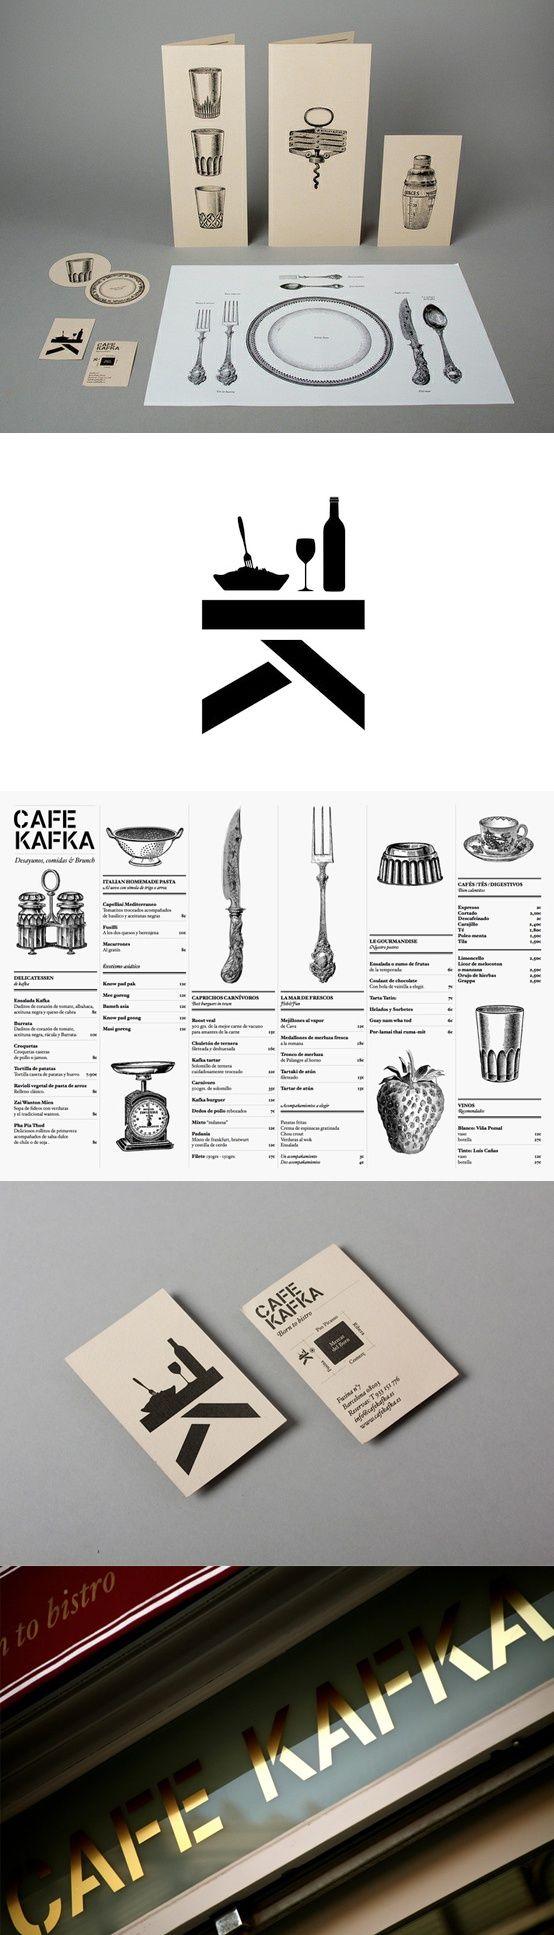 Restaurant designs restaurant logo creator restaurant logo maker - Find This Pin And More On Restaurants By Amritpaldesign
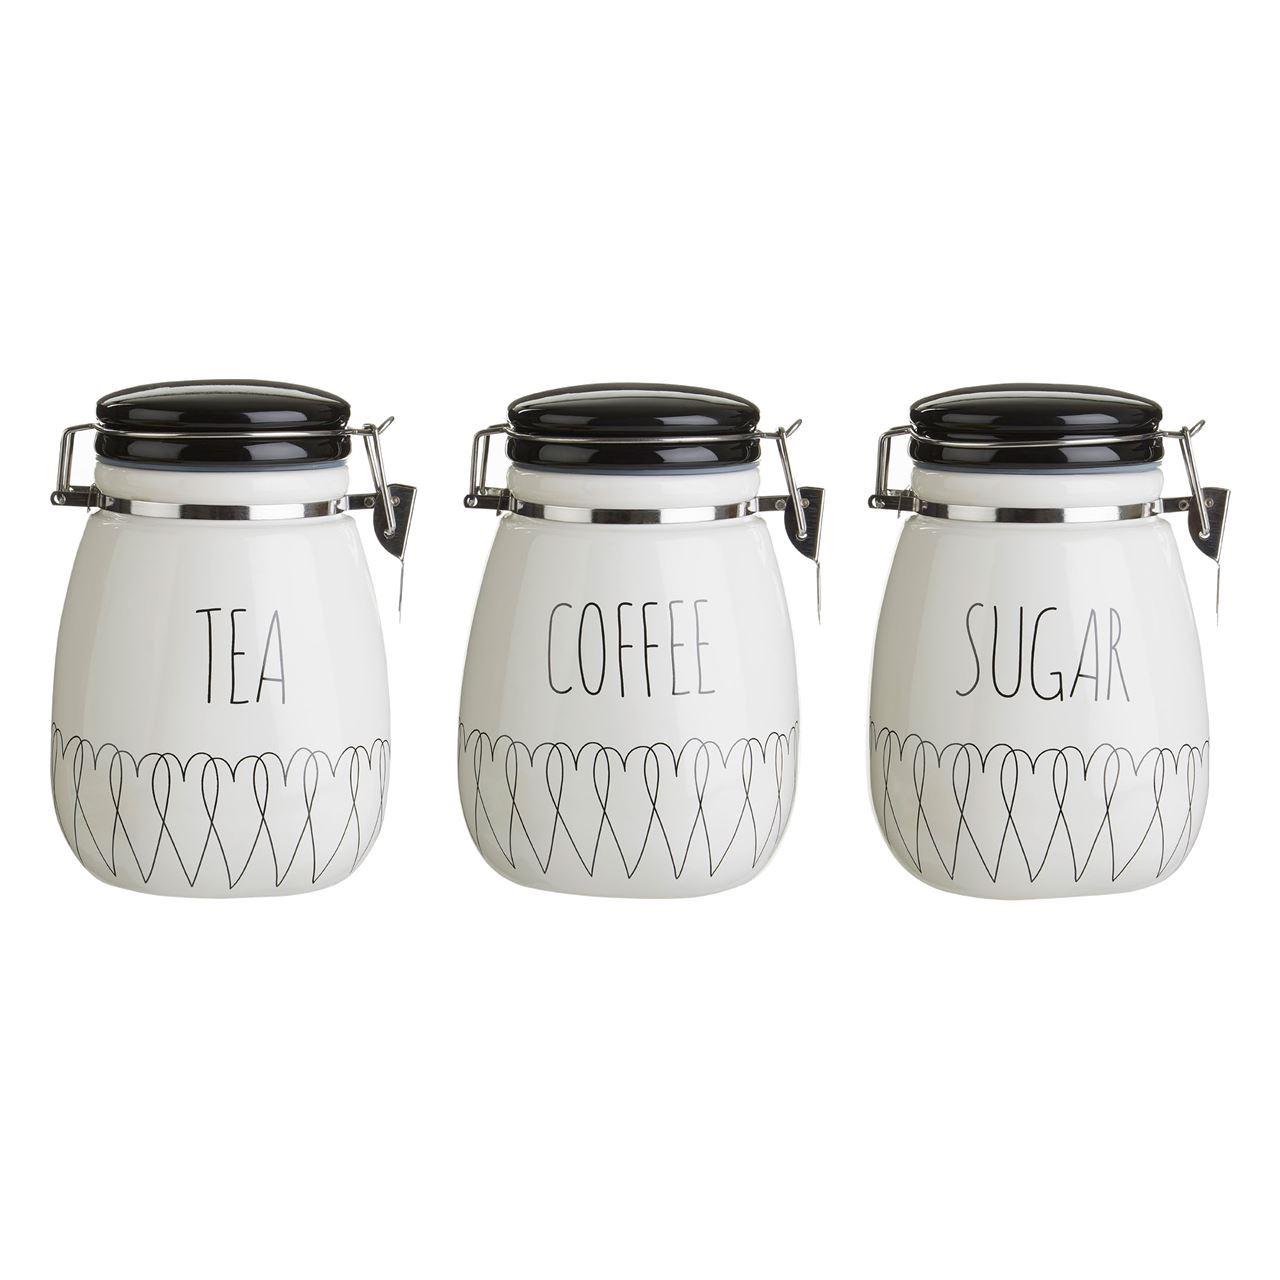 tea coffee sugar canisters heartlines tea coffee sugar canisters kitchen storage jars
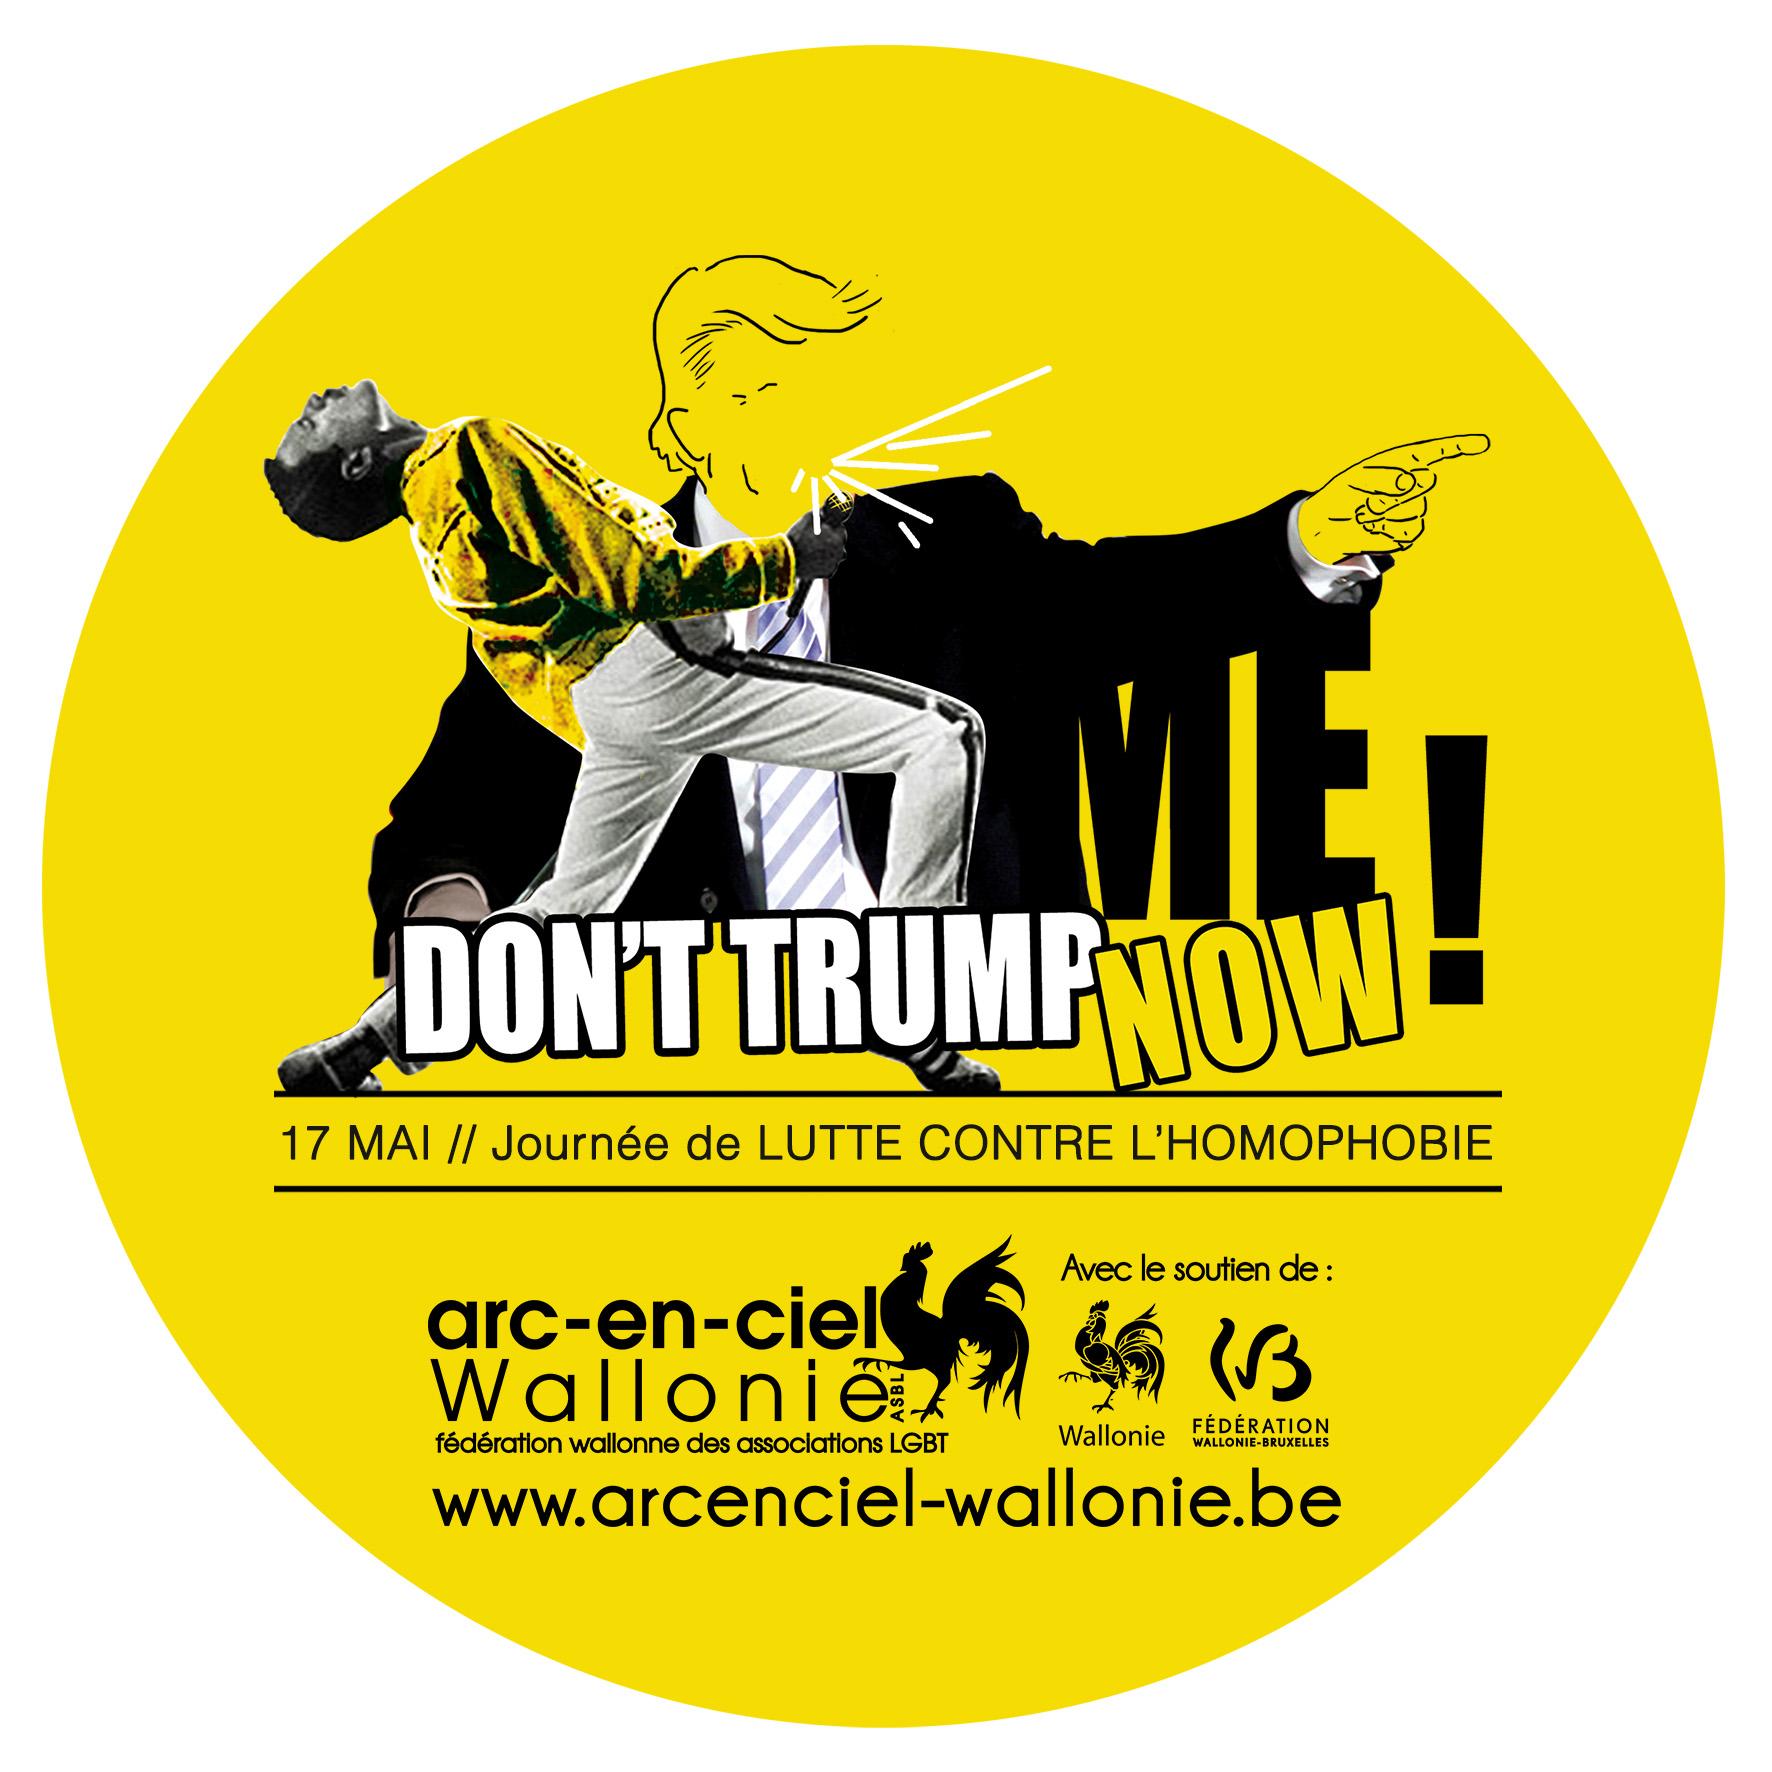 DONTTRUMPME-Campagne-ARC-EN-CIEL-AngiePir

* _What to work on_:
With pictures omitted, restate exactly every line from the one containing "tea coffee sugar canisters heartlines" through the last line of the material, inclusive.

* _Output_:
 tea coffee sugar canisters heartlines tea coffee sugar canisters kitchen storage jars
 DONTTRUMPME-Campagne-ARC-EN-CIEL-AngiePir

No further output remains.